AGC assembler uses unusual mnemonics, so it can be difficult to understand for someone who doesn't know the architecture.

The CPU has onle accumulator which instructions act on. The argument is normally an address. The relevant instructions for this code snippet is:

AD - Add the value pointed to by the argument to the accumulator

TS - Transfer to storage. Write the accumulator to the argument

TCF - Transfer control to fixed memory. Jumps to an instruction in fixed storage

DOUBLE - Assembler macro compiling to AD A. I.e. double the accumulator.

XCH - This exchanges the value in the accumulator with the argument

INDEX - Adjust the address used in the next instruction by the argument

COM - Complements the accumulator. Note that the AGC uses one's complement arithmetic, so this negates the value.

EXTEND - Indicate that the next instruction is an extended instruction

MP - Multiply the accumulator with the argument

The final instruction is TS Q which jumps to the location stored in the Q register. This is the return address which is updated by the TS instruction. In other words, TS can be used both as a regular jump as well as being used as a function call, depending on what the destination does with the Q register.

I hope this helps you analyse the code further. I haven't spent much time looking at the code itself, so I am not going to attempt an analysis right now.


Also note that the constants (HALF, LIMITS, C3/2, C5/2, C1/2, etc) are defined in another source file: https://raw.githubusercontent.com/chrislgarry/Apollo-11/a135...


Thanks fur the details! What kind of format does SINGLE PRECISION refer to here?


Single precision is a 15-bit fixed point number in the range between -1 and 1. Apparently in most cases this was enough for moon flights. There was also double and triple precision that were used sometimes.

Of course, in many places in the code you need values outside of this range and the actual number represented is scaled by some factor. However, the CPU has no internal representation of the scale factor (i.e. the exponent bits in a floating point number) so the programmer had to manually manage this.

I can strongly recommend this book, if you're interested in the AGC: http://www.apolloguidancecomputer.com/


Thanks, I was already searching for what the opcodes meant.


Fermat's Library is an annotation platform, so there are annotations on the linked version - click on the circles (or rectangles, depending on whether the side panel is open) on either side of the document to see the annotations.


Ah nice.

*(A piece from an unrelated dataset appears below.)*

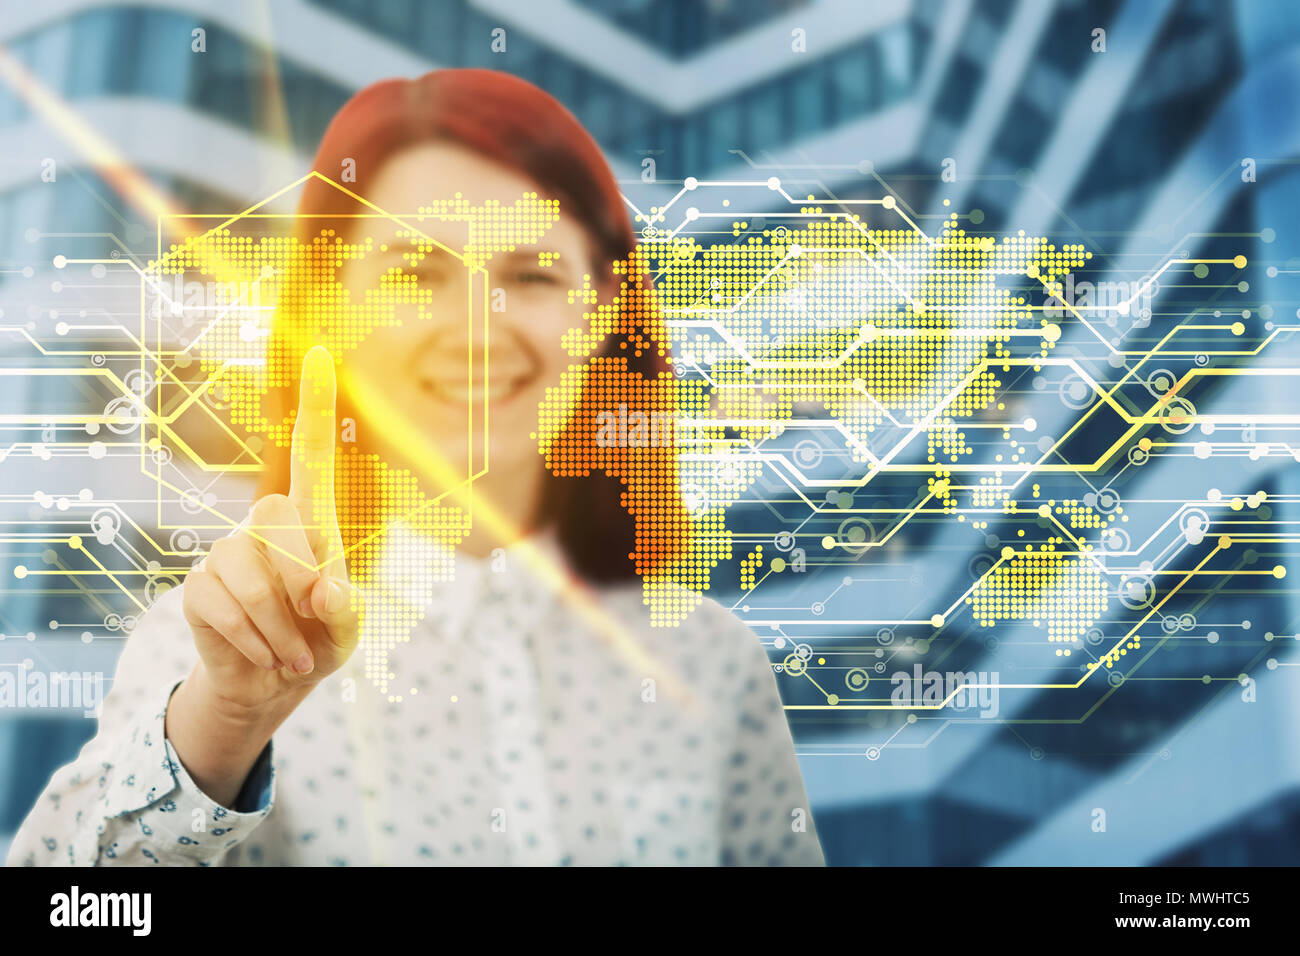 Smiling woman touching digital interface de l'écran avec son doigt. Choisissez un endroit sur la carte du monde d'hologramme. Le développement de technologie d'entreprise. Vir Banque D'Images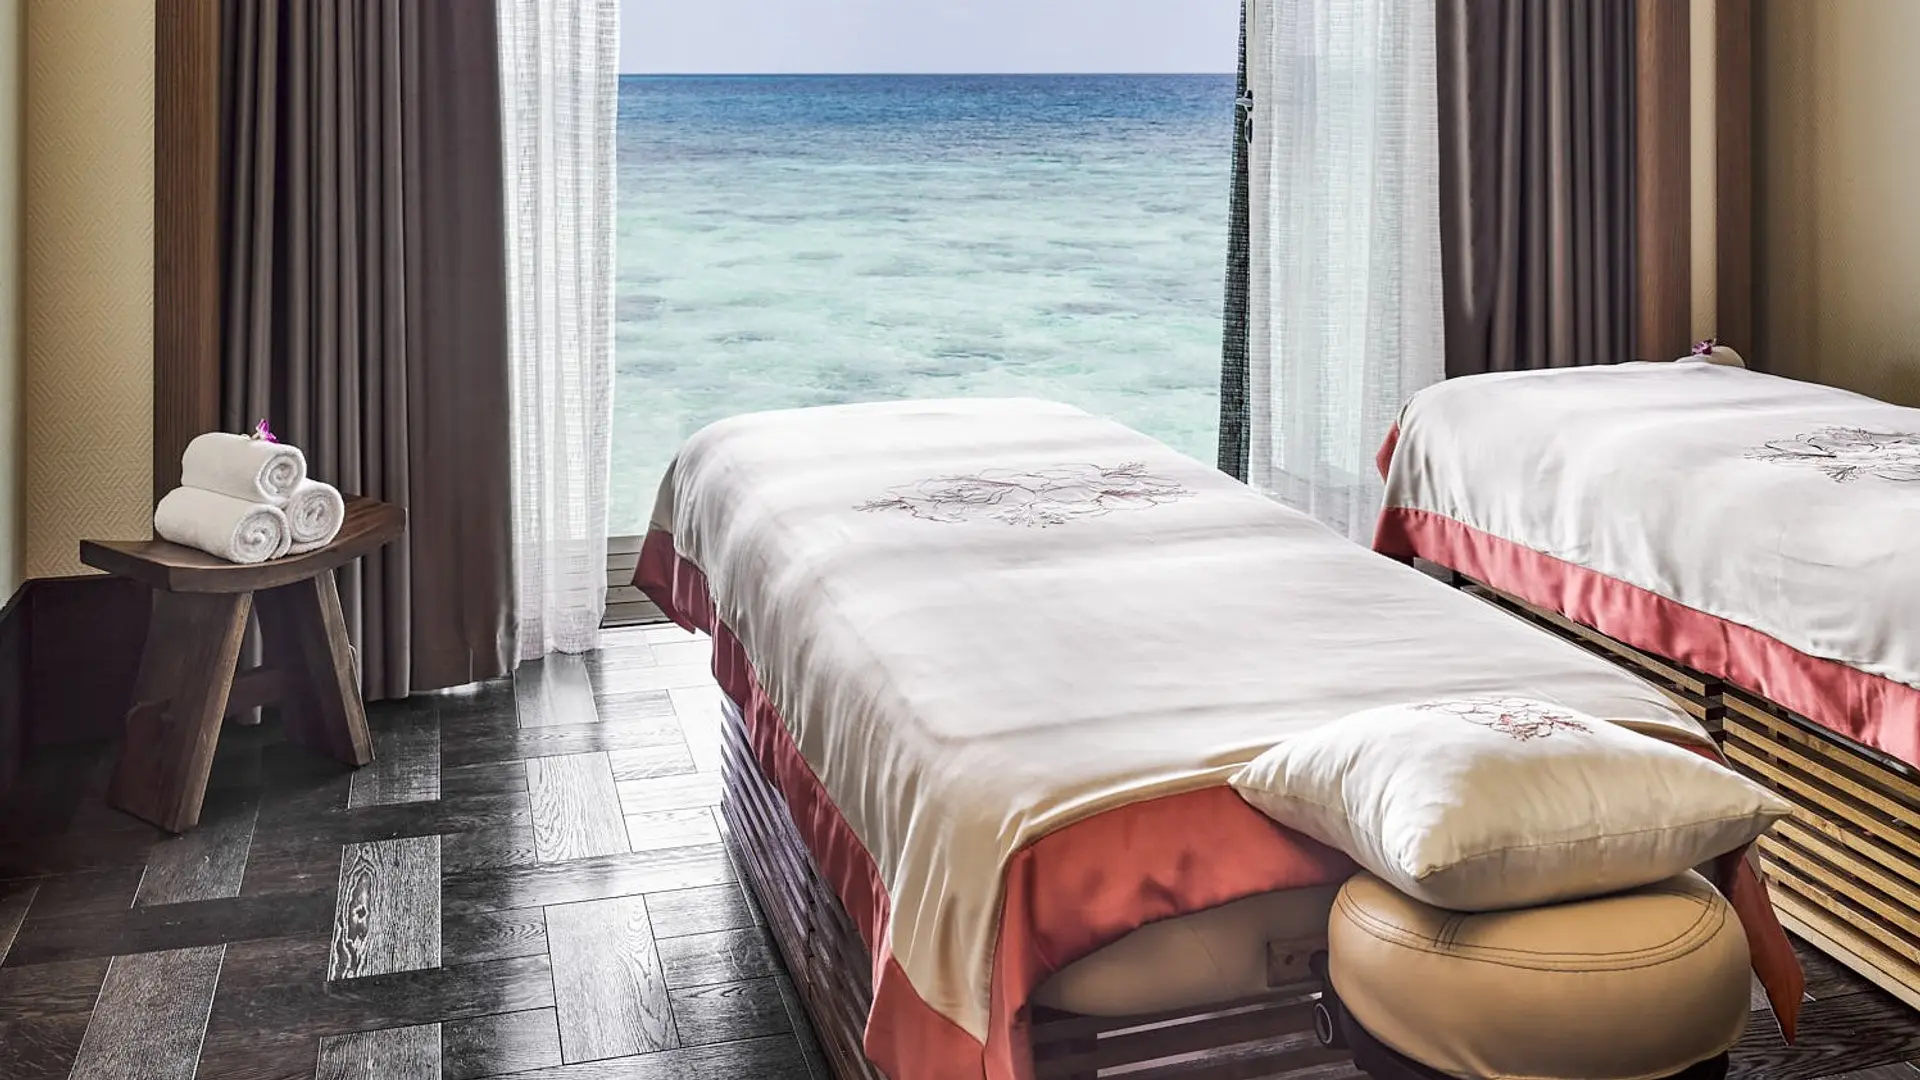 Hotel review Service & Facilities' - JOALI Maldives - 6

Although a line by line walkthrough would be nicer.


This is how big the full printout looked compared to the author:

https://news.mit.edu/2016/scene-at-mit-margaret-hamilton-apo...


Each one of those bound 'books' is a complete full printout. That photo shows a bunch of different revisions / programs stacked up. Here's one complete listing in a book printout being discussed by one of the original authors Don Eyles. https://www.youtube.com/watch?v=H0ITFbDuJz0

Scan of Luminary - Lunar Module source code https://archive.org/details/Luminary99001J2k60/page/n979/mod...


If you follow the link to github, there is much more.